2.3.3 Une configuration compacte

Abhilasha Singh a démarré son projet de doctorat au LNHB en 2017 sous mon encadre-ment quotidien, et sous la direction du Pr A.-M. Nourreddine de l’Université de Strasbourg,

et l’achèvera en 2020. L’objectif de ce travail est de pouvoir mesurer des spectres bêta avec une très grande précision et d’en extraire des facteurs de forme expérimentaux de qualité métrologique, en partant de l’expérience acquise avec le dispositif existant développé par C. Bisch.

Figure 2.11 – Simulations avec Geant4 des trajectoires des électrons émis depuis la source, dans la configuration géométrique précédente . 2π sr et la nouvelle configuration ' 4π sr. L’idée essentielle consiste à faire évoluer le dispositif précédent en adoptant une confi-guration géométrique compacte, avec deux détecteurs silicium entourant la source, pour obtenir un angle solide proche de 4π sr. La figure 2.11 montre une simulation Geant4 de trajectoires de particules β émises par la source dans la configuration précédente, à gauche, et dans une configuration compacte, à droite. Le gain est évident : les électrons diffusés semblent être quasiment tous détectés dans l’un ou l’autre des deux détecteurs silicium. La somme des énergies déposées événement par événement, grâce à une mesure en coïncidence, doit permettre d’obtenir un spectre bêta identique au spectre émis initial. Rappelons-nous que c’était l’hypothèse adoptée dans les anciennes mesures ayant adoptées le même type de configuration [Rei74]. Pour le vérifier, des simulations Monte Carlo du spectre du 14C ont été effectuées et le résultat est présenté en figure 2.12. Là encore, le gain obtenu grâce à une configuration compacte est évident. Cependant, il est important de remarquer la dépendance de la forme du spectre simulé en fonction de la distance entre les deux détecteurs. Même une distance de 1 mm a une influence significative qui doit être corrigée, ce qui n’était pas fait dans les anciennes mesures car les simulations Monte Carlo de particules interagissant dans la matière n’étaient pas d’utilisation courante.

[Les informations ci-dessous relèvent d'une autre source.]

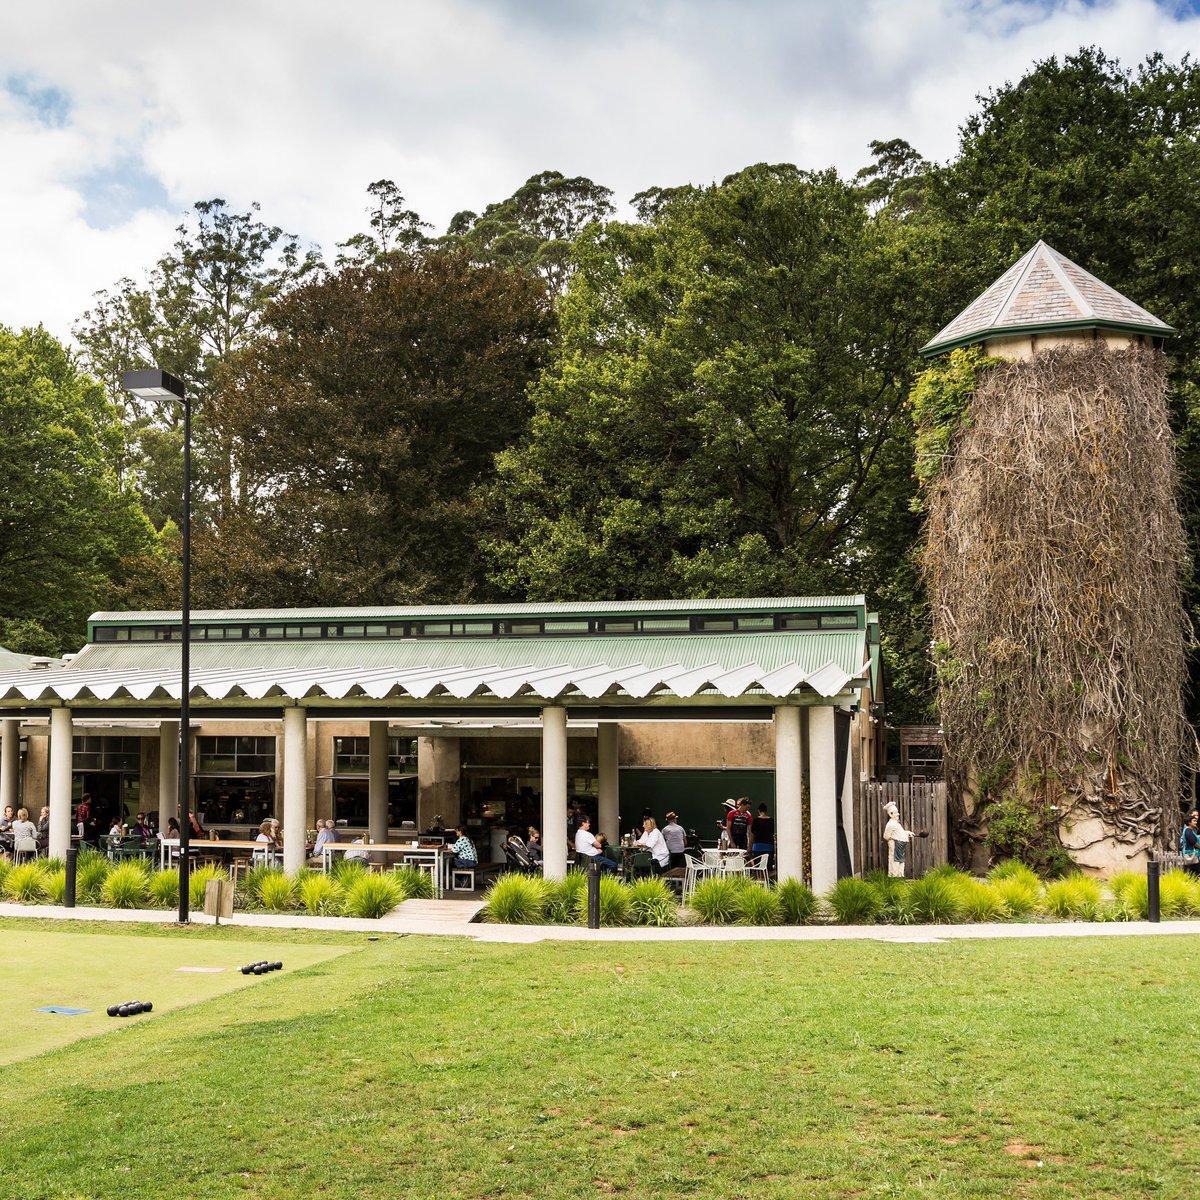 test Twitter Media - ❤️ The Piggery Cafe at Burnham Beeches, Dandenong Ranges ❤️ The Provenance Hotel, Beechworth https://t.co/7nVOOgwKPO

Depuis 2014, de nouveaux détecteurs PIPS d’une épaisseur de 1 mm sont commer-cialement disponibles. Abhilasha a élaboré le nouveau dispositif autour de deux de ces détecteurs, tout en conservant la modularité nécessaire à un changement par deux détec-teurs Si(Li) de 5 mm d’épaisseur. Plusieurs possibilités ont été dessinées, imprimées en 3D et testées en conditions réelles jusqu’à obtenir la configuration géométrique optimale. La distance entre les deux faces d’entrée de nos détecteurs ne peut être a priori inférieure à 3 mm, du fait de l’encapsulation des détecteurs, des épaisseurs minimales pour les porte-détecteurs en cuivre, et de l’épaisseur de la source. L’électronique et les connectiques ont été entièrement repensées. Des préamplificateurs de charge bas bruit A1422H de chez CAEN ont été placés au plus près des détecteurs. La figure 2.13 montre ces changements. Des modules bas bruit ont été acquis pour l’alimentation en puissance des préamplificateurs et

Figure 2.12 – Simulation du spectre du 14C mesuré avec un seul détecteur silicium ou avec deux détecteurs silicium en coïncidence. Dans cette dernière configuration, l’influence de la distance entre les deux détecteurs a été étudiée, ici pour 1 mm et 3 mm.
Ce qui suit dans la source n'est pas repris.